5. Worked Example — L80×80×8 Angle with 3 M20 Bolts

Given

Step 1 — Gross Section Yield

Npl,Rd = 1230 × 275 / 1.00 = 338.3 kN

Utilisation: 180 / 338.3 = 0.53 → OK (53% capacity)

Step 2 — Net Section at Bolt Holes

Anet = 1230 − 1 × 22 × 8 = 1054 mm² Nu,Rd (full) = 0.9 × 1054 × 430 / 1.25 = 326.4 kN

Step 3 — Eccentricity Reduction (Single Angle)

p1 = 70 mm, d0 = 22 mm → 2.5d0 = 55, 5d0 = 110 70 lies between 55 and 110 → β3 = 0.7

Nu,Rd (reduced) = 0.7 × 1054 × 430 / 1.25 = 253.9 kN

Step 4 — Design Tension Resistance

Nt,Rd = min(338.3, 253.9) = 253.9 kN Utilisation: 180 / 253.9 = 0.71 → OK (71% capacity)

Step 5 — Block Tearing (EN 1993-1-8 Cl. 3.10.2)

Block tearing checks the tear-out of a rectangular block of material around the bolt group.
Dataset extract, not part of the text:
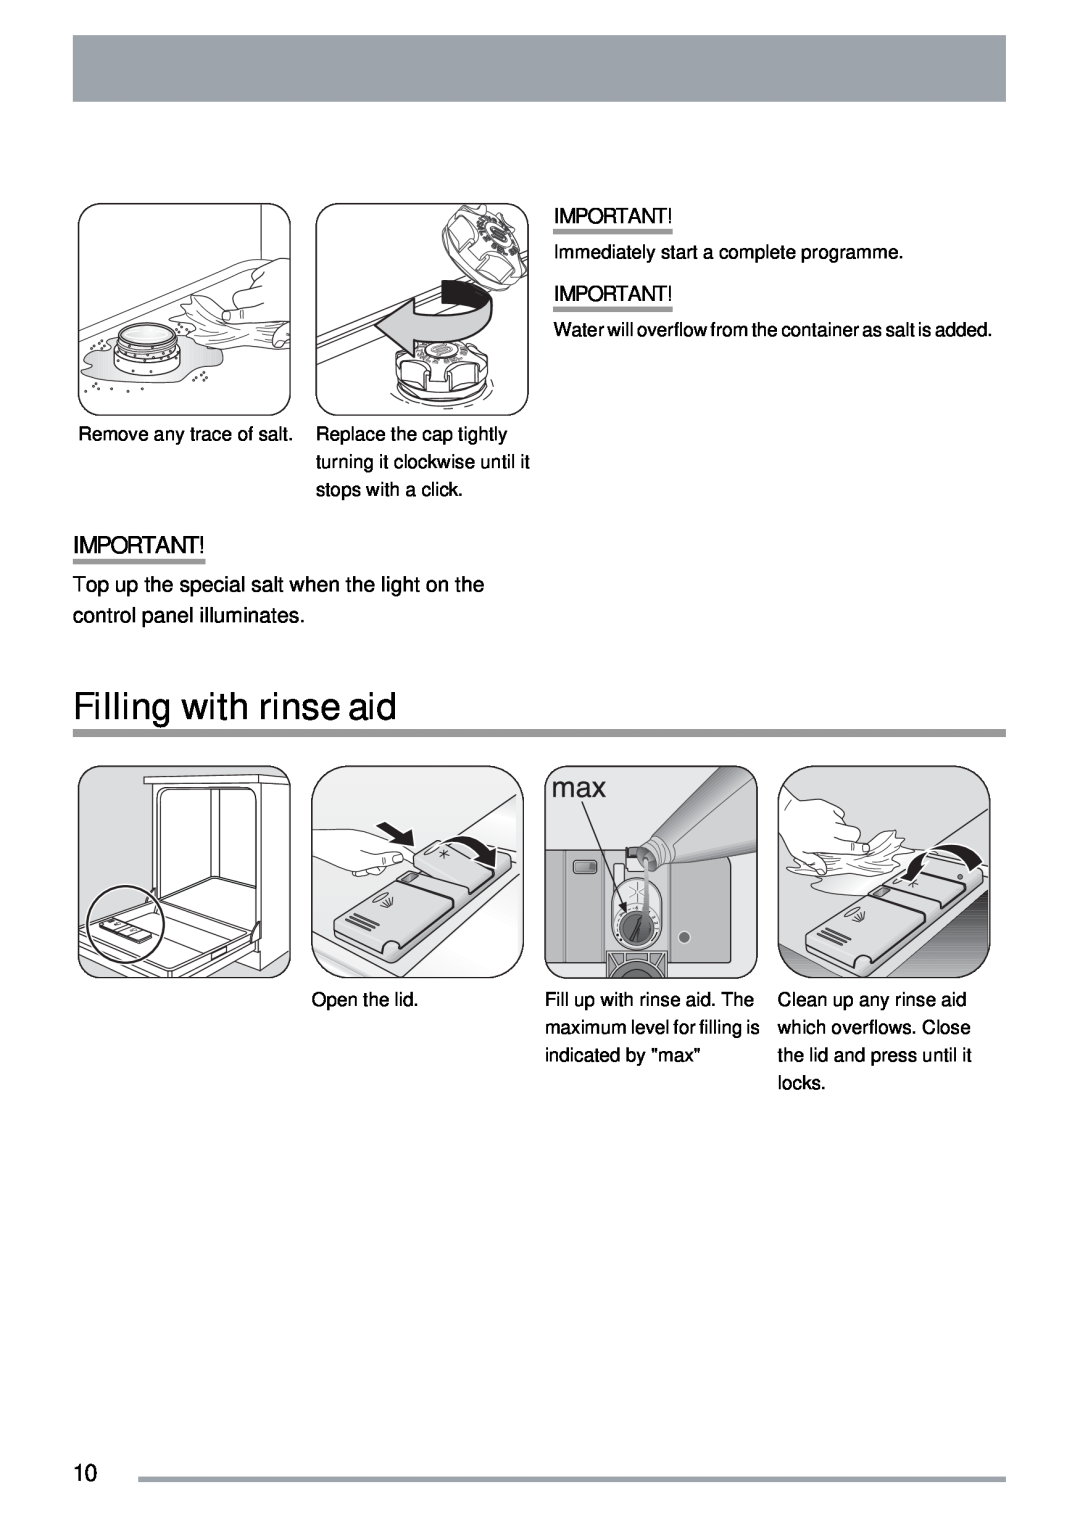 Zanussi ZDI 122 user manual Filling with rinse aid, Immediately start a complete programme, Open the lid, indicated by max

For the angle connected leg:

VeRd,1 = (Ant × fu) / γM2 + (1/√3) × (Anv × fy) / γM0

Ant = (e2 − 0.5 d0) × t = (30 − 11) × 8 = 152 mm² Anv = (e1 + 2p1 − 2.5 d0) × t = (35 + 140 − 55) × 8 = 960 mm²

VeRd,1 = (152 × 430) / 1.25 + 0.577 × (960 × 275) / 1.00 = 52.3 + 152.4 = 204.7 kN

Block tearing capacity > NEd = 180 kN → OK.

Summary of Results

Check Capacity (kN) Utilisation Status
Gross yield Npl,Rd 338.3 0.53 PASS
Net rupture Nu,Rd (β3) 253.9 0.71 PASS
Block tearing 204.7 0.88 PASS

The angle is adequate for NEd = 180 kN, with block tearing being the governing limit state at 88% utilisation. For higher loads, consider a larger angle, back-to-back double angles connected by both legs, or increasing the bolt pitch to push β3 to 1.0.


6. Partial Factors and National Annex Variations

Factor EN 1993-1-1 Recommended UK NA German DIN NA
γM0 (yield) 1.00 1.00 1.00
γM1 (buckling) 1.00 1.00 1.10
γM2 (rupture) 1.25 1.25 1.25

Tension design is relatively consistent across National Annexes — only γM2 appears, and all major NAs retain 1.25. However, the eccentricity reduction factors for angles (Cl. 6.2.3(5)) are only given as "recommended" in EN 1993-1-1. Some National Annexes provide alternative methods — the UK NA directs designers to SCI P358 (Green Book) for angle design, which gives slightly more favourable β factors for back marks ≥ 55 mm.